--- Supplied records Enclosed Below ---

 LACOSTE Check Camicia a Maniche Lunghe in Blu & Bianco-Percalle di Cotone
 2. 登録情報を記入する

--- End of Enclosed Supplied records ---
--- Supplied records Enclosed Below ---

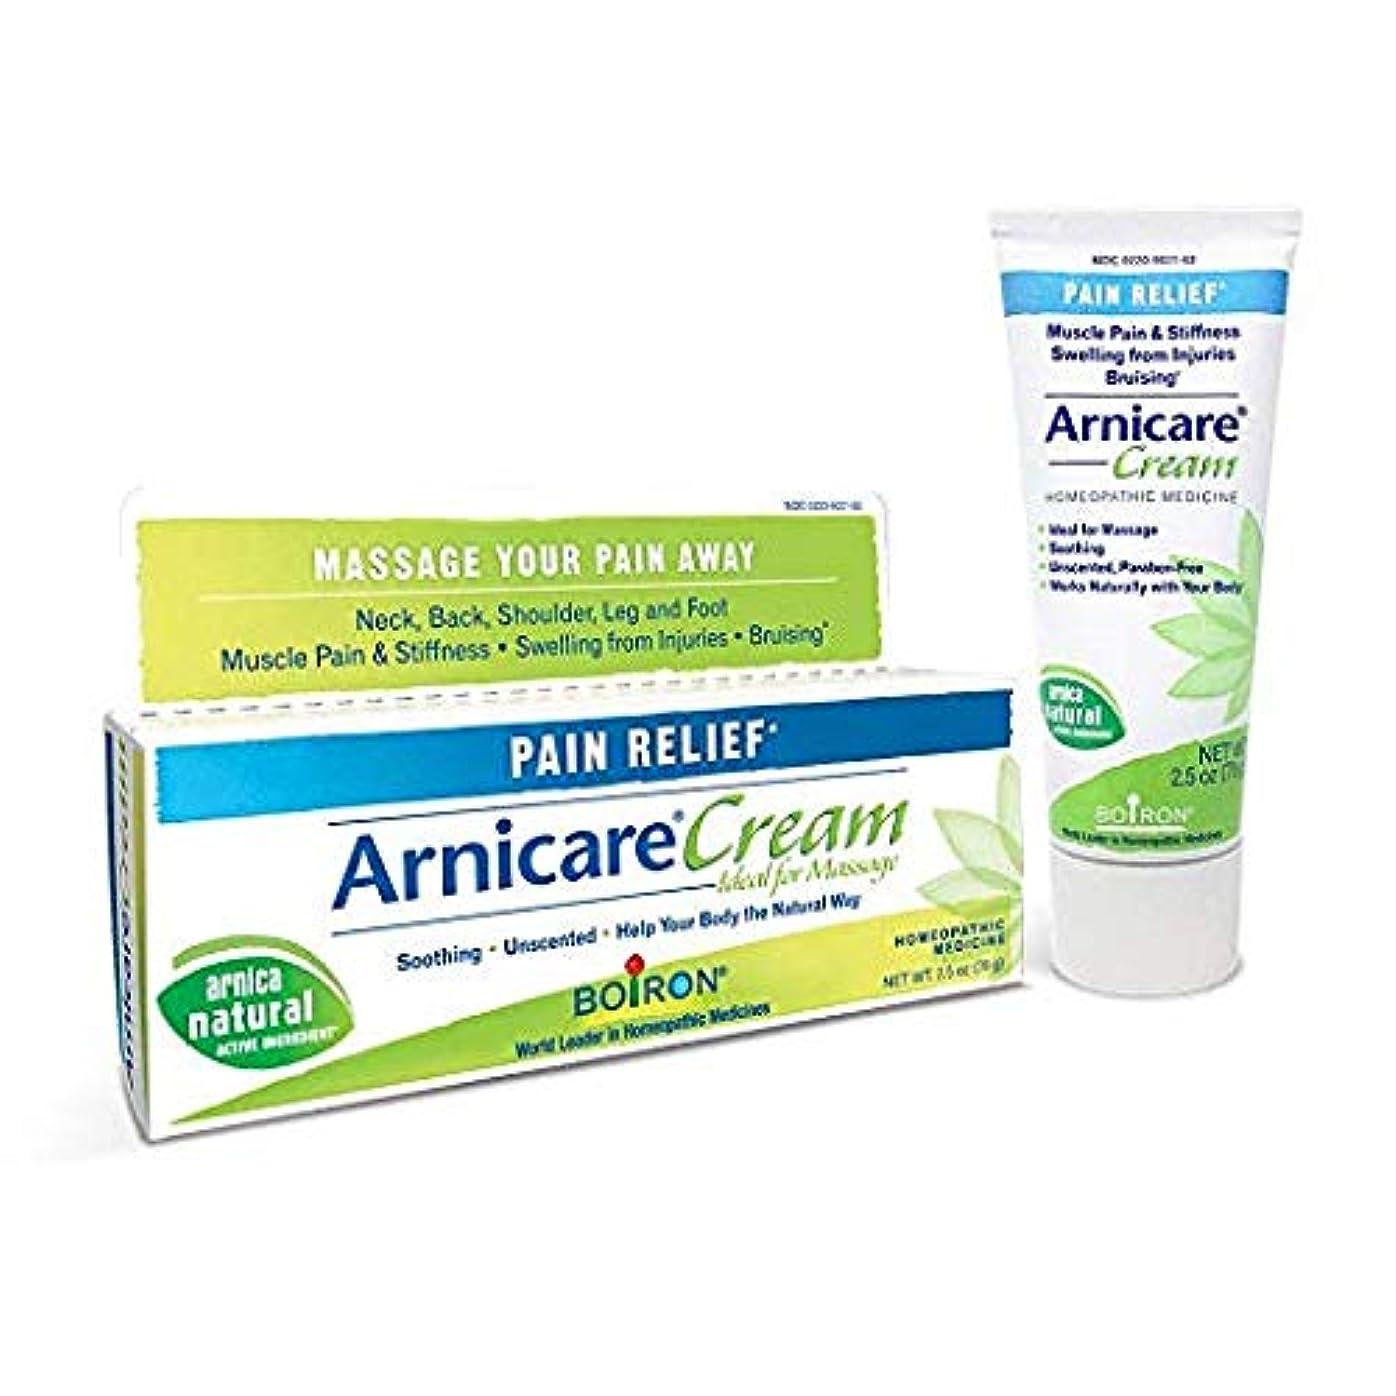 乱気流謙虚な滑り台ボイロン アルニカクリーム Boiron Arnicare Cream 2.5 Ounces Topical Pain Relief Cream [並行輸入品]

--- End of Enclosed Supplied records ---
--- Supplied records Enclosed Below ---

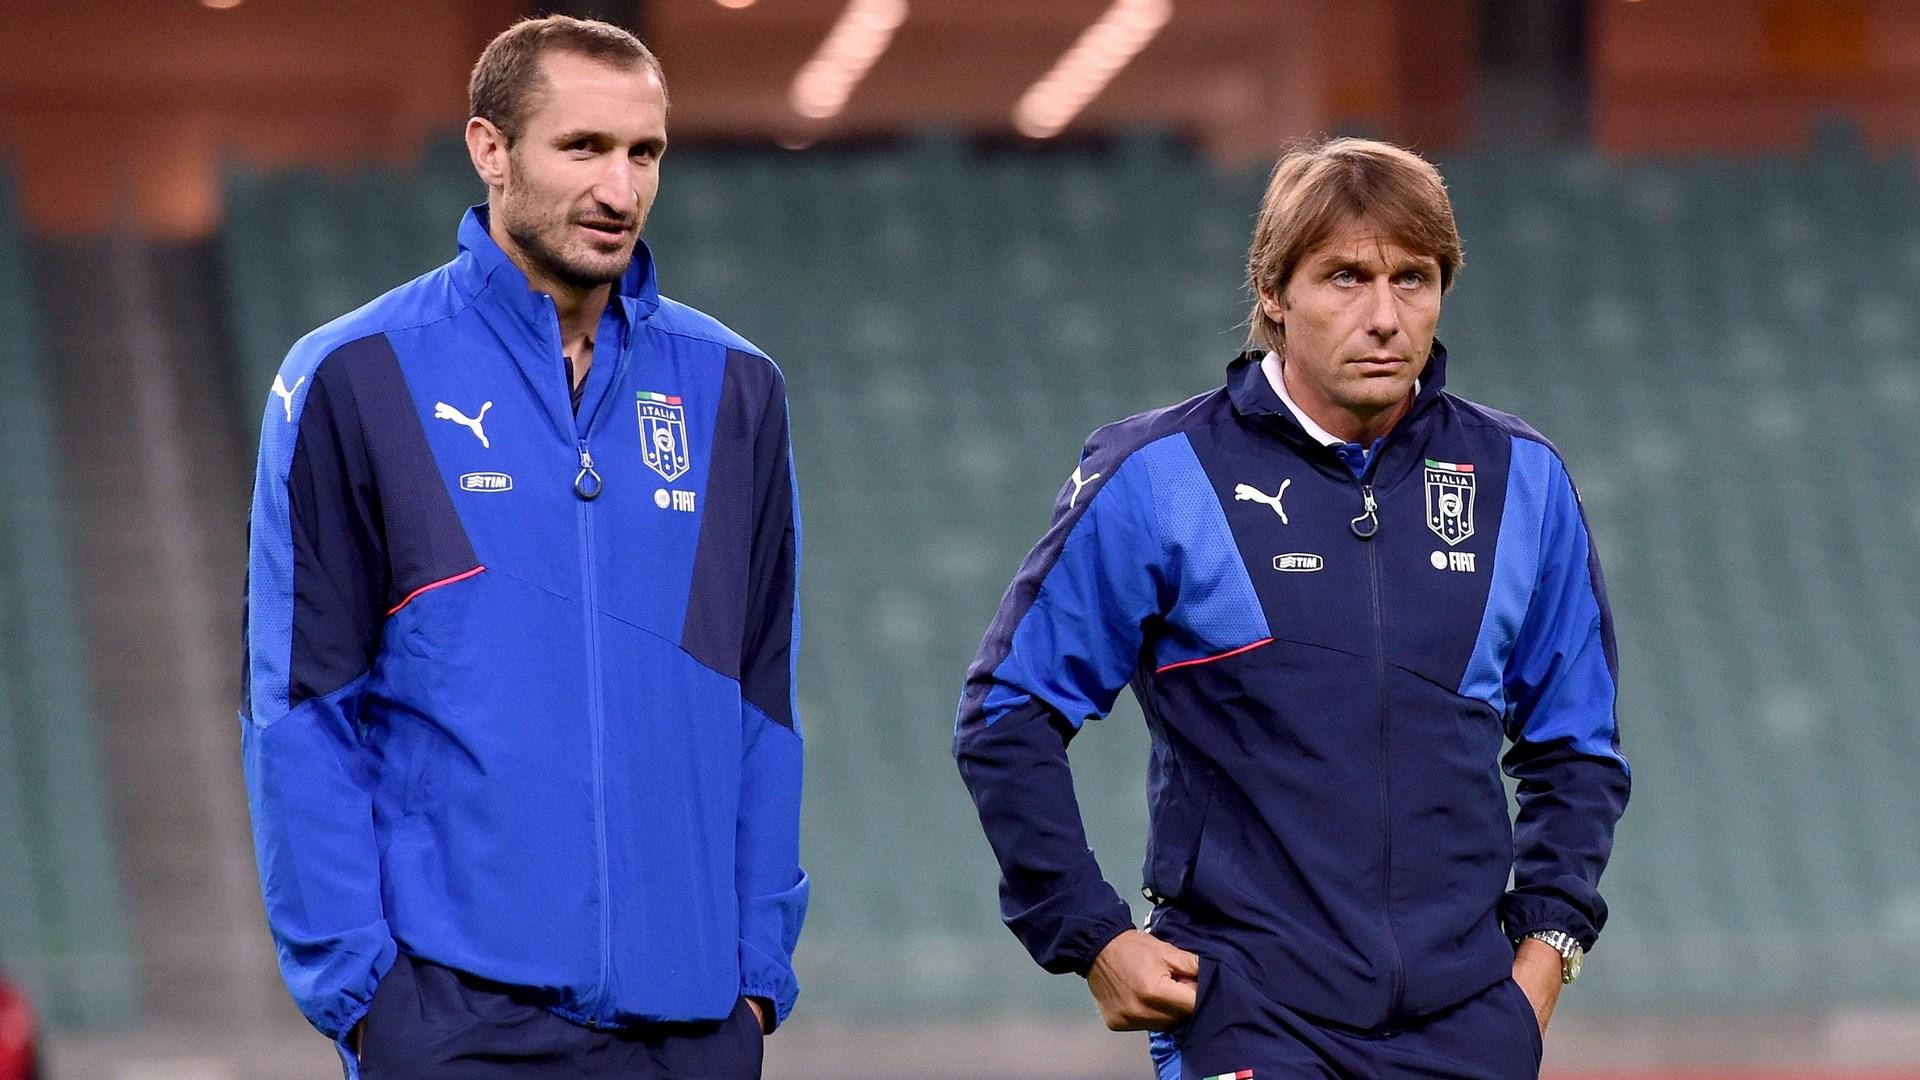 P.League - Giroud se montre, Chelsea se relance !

--- End of Enclosed Supplied records ---

▶ **Activity**
The lines above from the one containing "LACOSTE Check Camicia" through the one containing "2. 登録情報を記入する" are to be set down exactly, and no others.

▶ **Exercise output**
 LACOSTE Check Camicia a Maniche Lunghe in Blu & Bianco-Percalle di Cotone
 2. 登録情報を記入する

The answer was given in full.